How to Manage Separation Anxiety in Dogs

Separation anxiety is one of the most common behavioral problems in dogs. It can be frustrating and challenging to manage, but there are some tips you can try that will help your dog feel more secure when left alone! Here are some healthy ways to manage your dog’s separation anxiety.

What is Seperation Anxiety?

Separation anxiety occurs when a clingy dog gets dangerously stressed when left alone. In some cases, it’s a bit of whining and crying when you go out. In other, more serious cases, it’s a severe condition and one of the leading causes why owners give up their dogs. 

Fortunately, there are plenty of things you can do to change this. First, determine what causes this anxiety. These are some factors that could play a role:

Being left alone for the first time

Change of owners

Moving from a shelter to a new home

Sudden change in the family routine

Death of a family member

A dog who suffers from separation anxiety exhibits a lot of stress when they are alone. They might:


Have indoor “accidents” even though they are housetrained


Howl, bark, or whine excessively


Chew on things, dig holes, scratch at windows and doors


Drool, pant, or salivate more than usual


Pace, often in an obsessive pattern

Treating Minor Separation Anxiety

  • Normalize arrivals and departures—speak with your dog in a calm voice when you’re leaving and returning.
  • Set a word or action that you will use every time you go out that tells your dog you’ll be back.
  • Consider using a calming natural product that reduces anxiety in dogs.

Handling a More Severe Problem

Teach your dog the sit-stay and down-stay commands applying positive reinforcement. This will help them understand that they can remain calm in one room while you go to another room.
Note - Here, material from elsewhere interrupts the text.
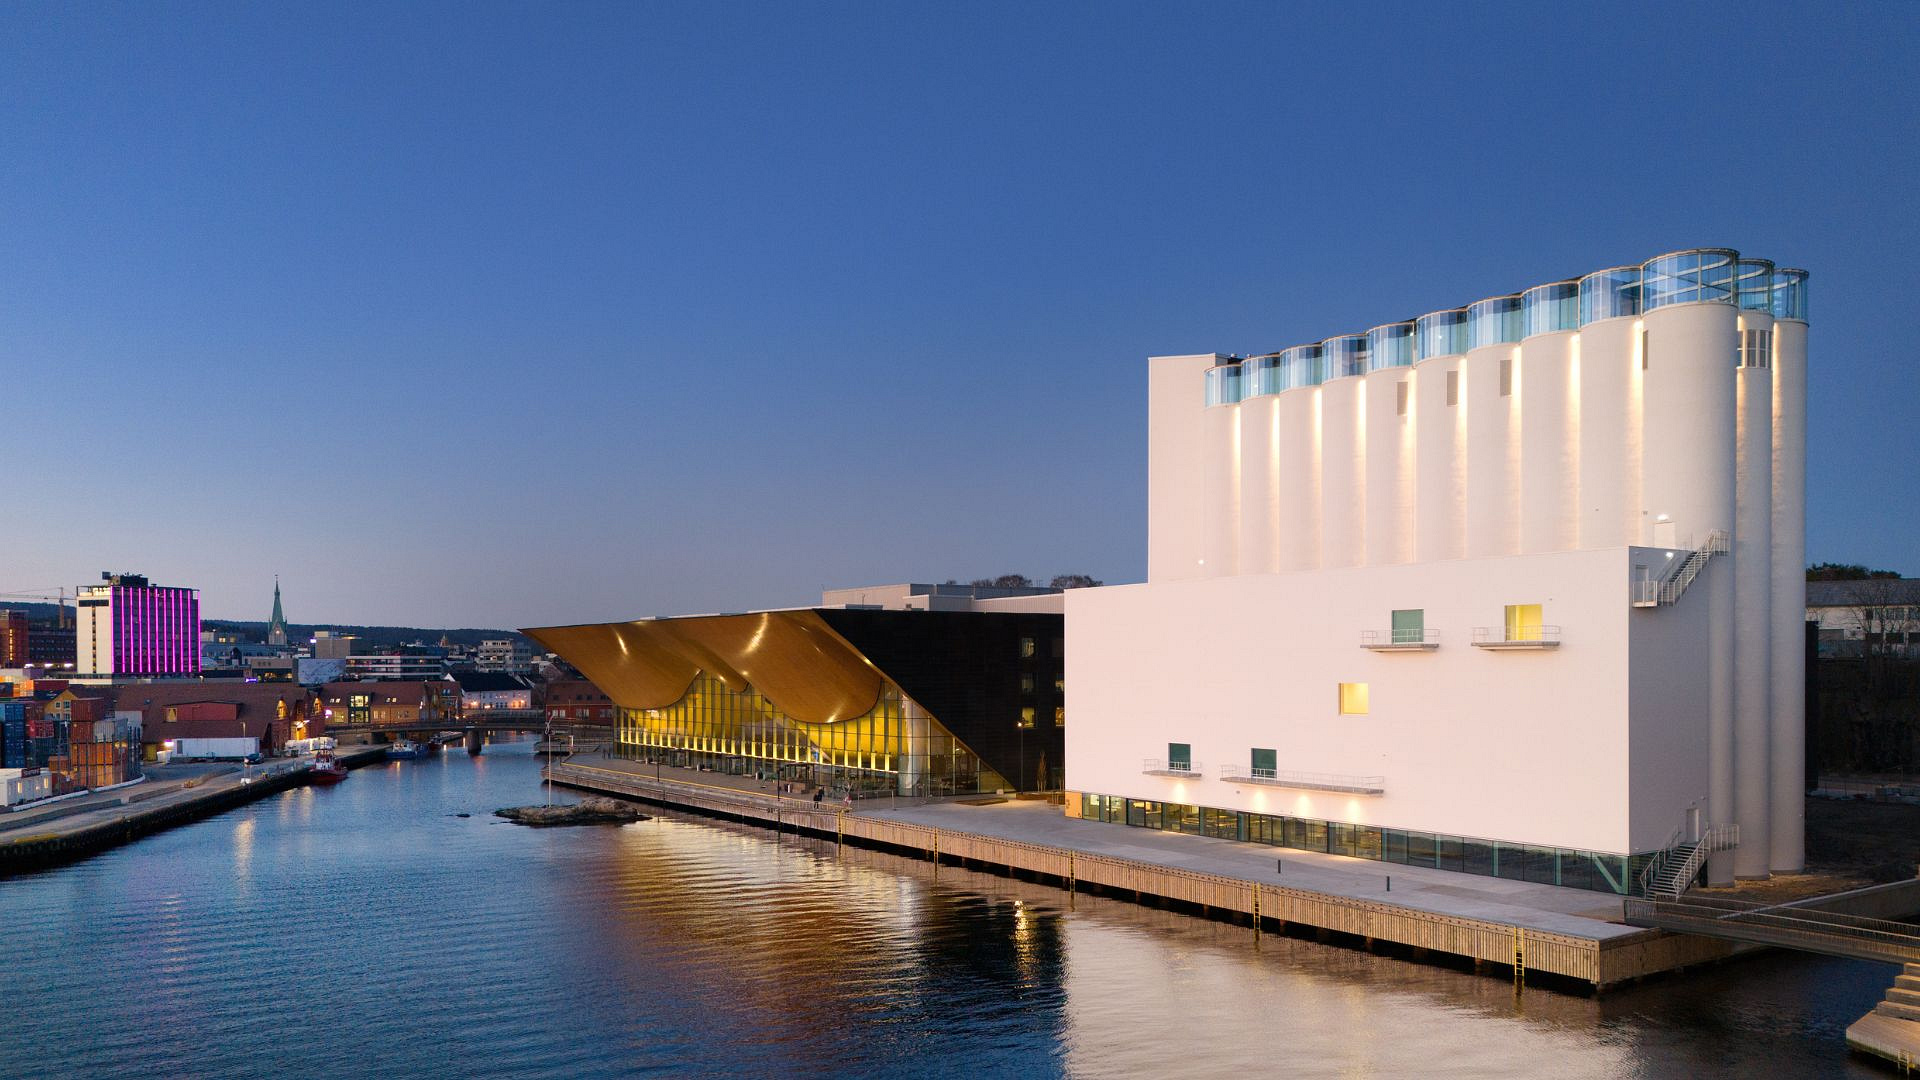 Największe muzeum ze sztuką nordycką otwiera się w Norwegii. Siedzibą - zabytkowy silos
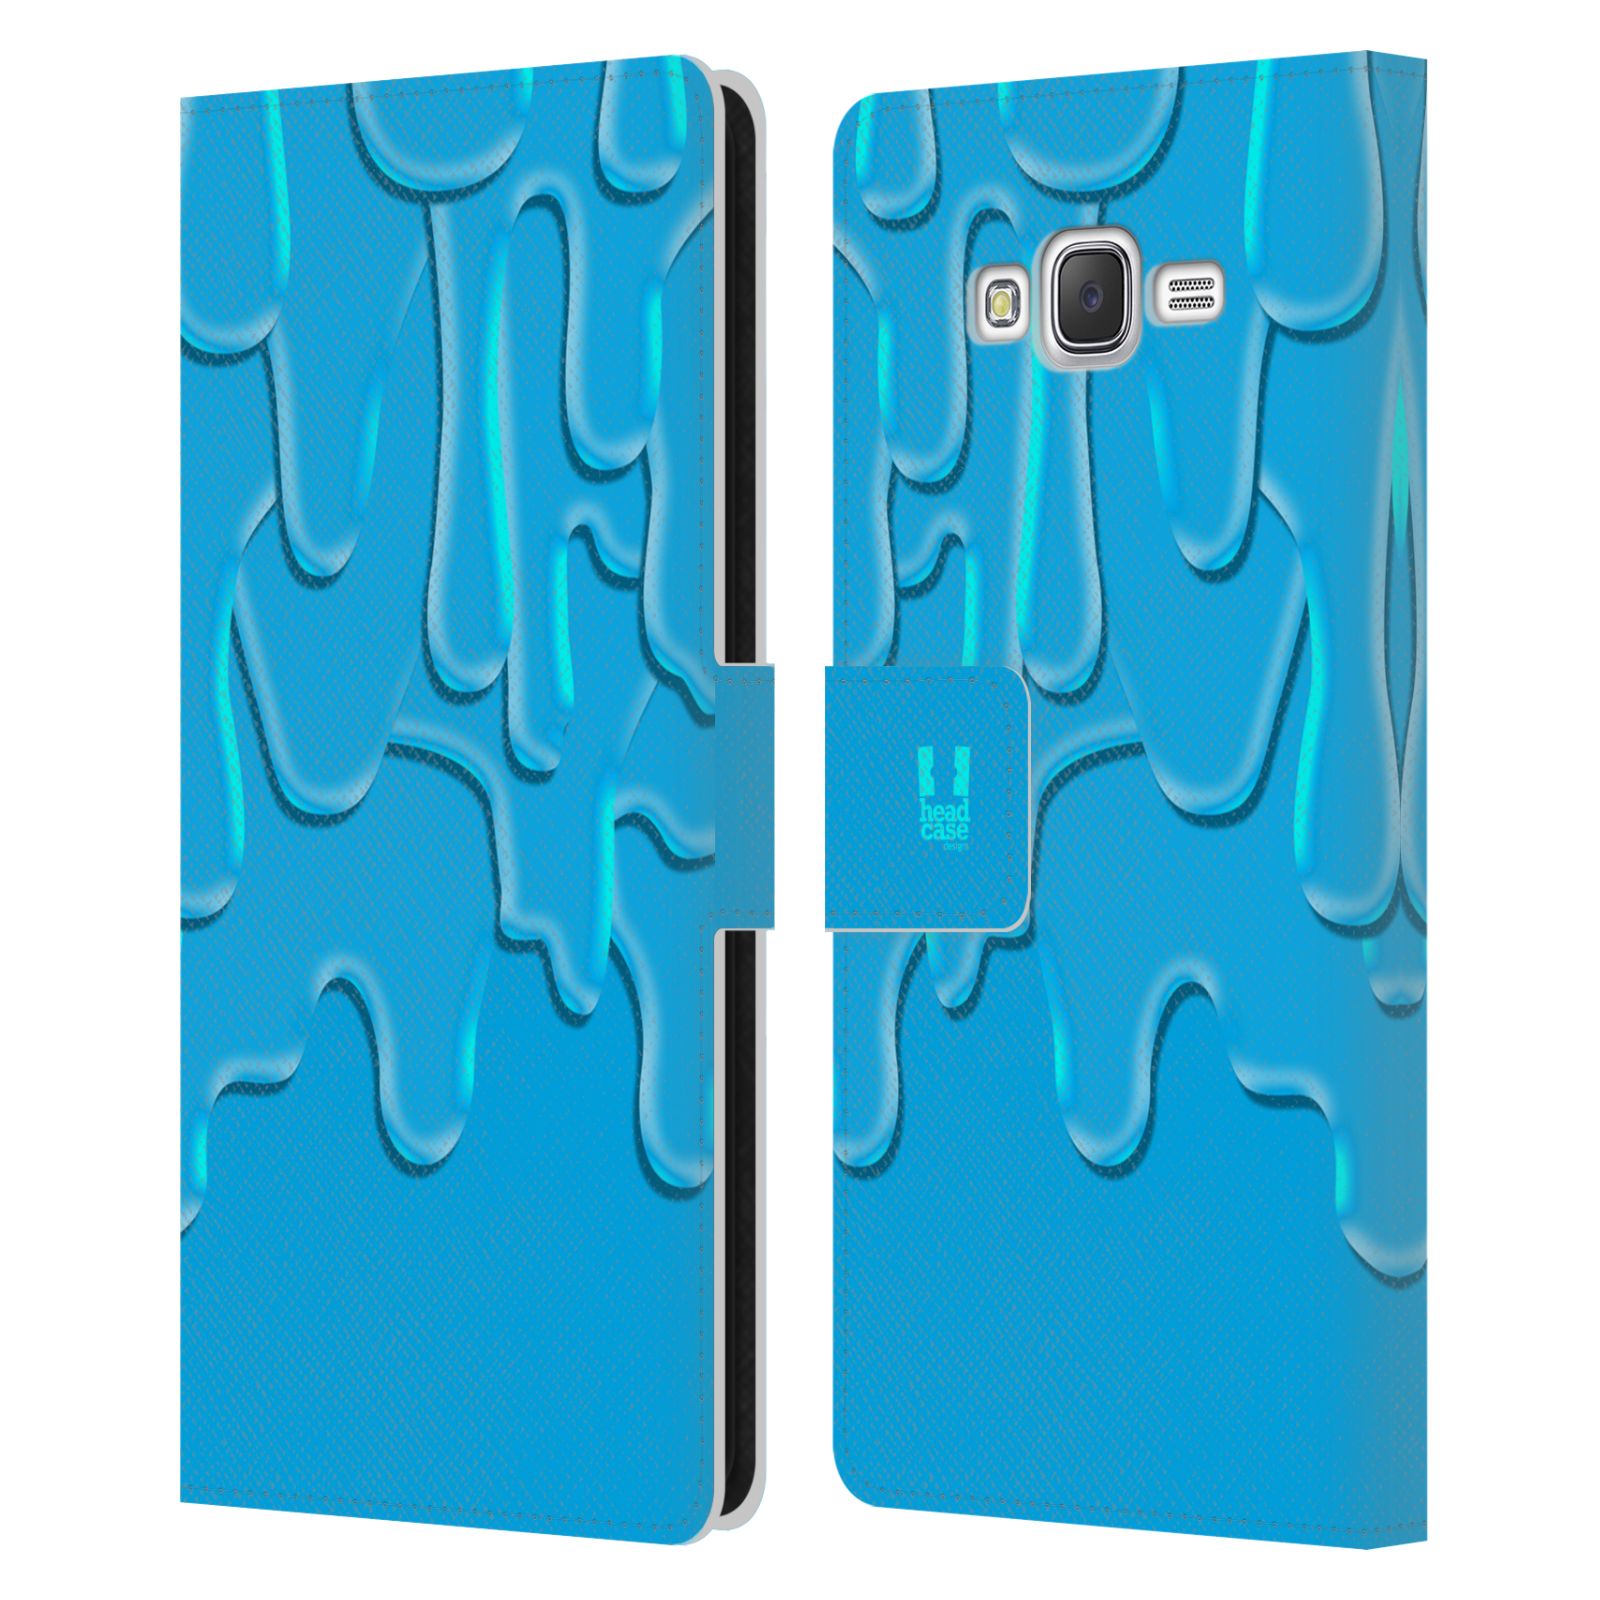 HEAD CASE Flipové pouzdro pro mobil Samsung Galaxy J7, J700 ZÁPLAVA BARVA tyrkysová modrá

Exercise and mental stimulation are essential to reducing anxiety in dogs. Be sure your dog gets adequate exercise before you leave. Your regular walks won’t reduce stress but exploring new places will.

Build a “safe place” to restrict your dog’s destructive reaction while you’re away. A safe place should:

  • Restrain the dog loosely (a room with a window, food, and toys)
  • Accommodate busy toys for entertainment
  • Having dirty laundry nearby can provide a familiar, calming scent cue

Additional Tips for Your Dog to Learn to Be Calm

It can take some time for your dog to forget their fear response every time you leave the house. To facilitate this process, consider the following tips:

  • Speak to your veterinarian about alternative treatments to reduce your dog’s overall anxiety.
  • If your dog loves the company of other dogs, take him to a trusted doggie daycare facility or kennel.
  • Leave your dog with a family member or trustworthy neighbor when you’re away for long periods.
  • Take your dog to work with you whenever possible.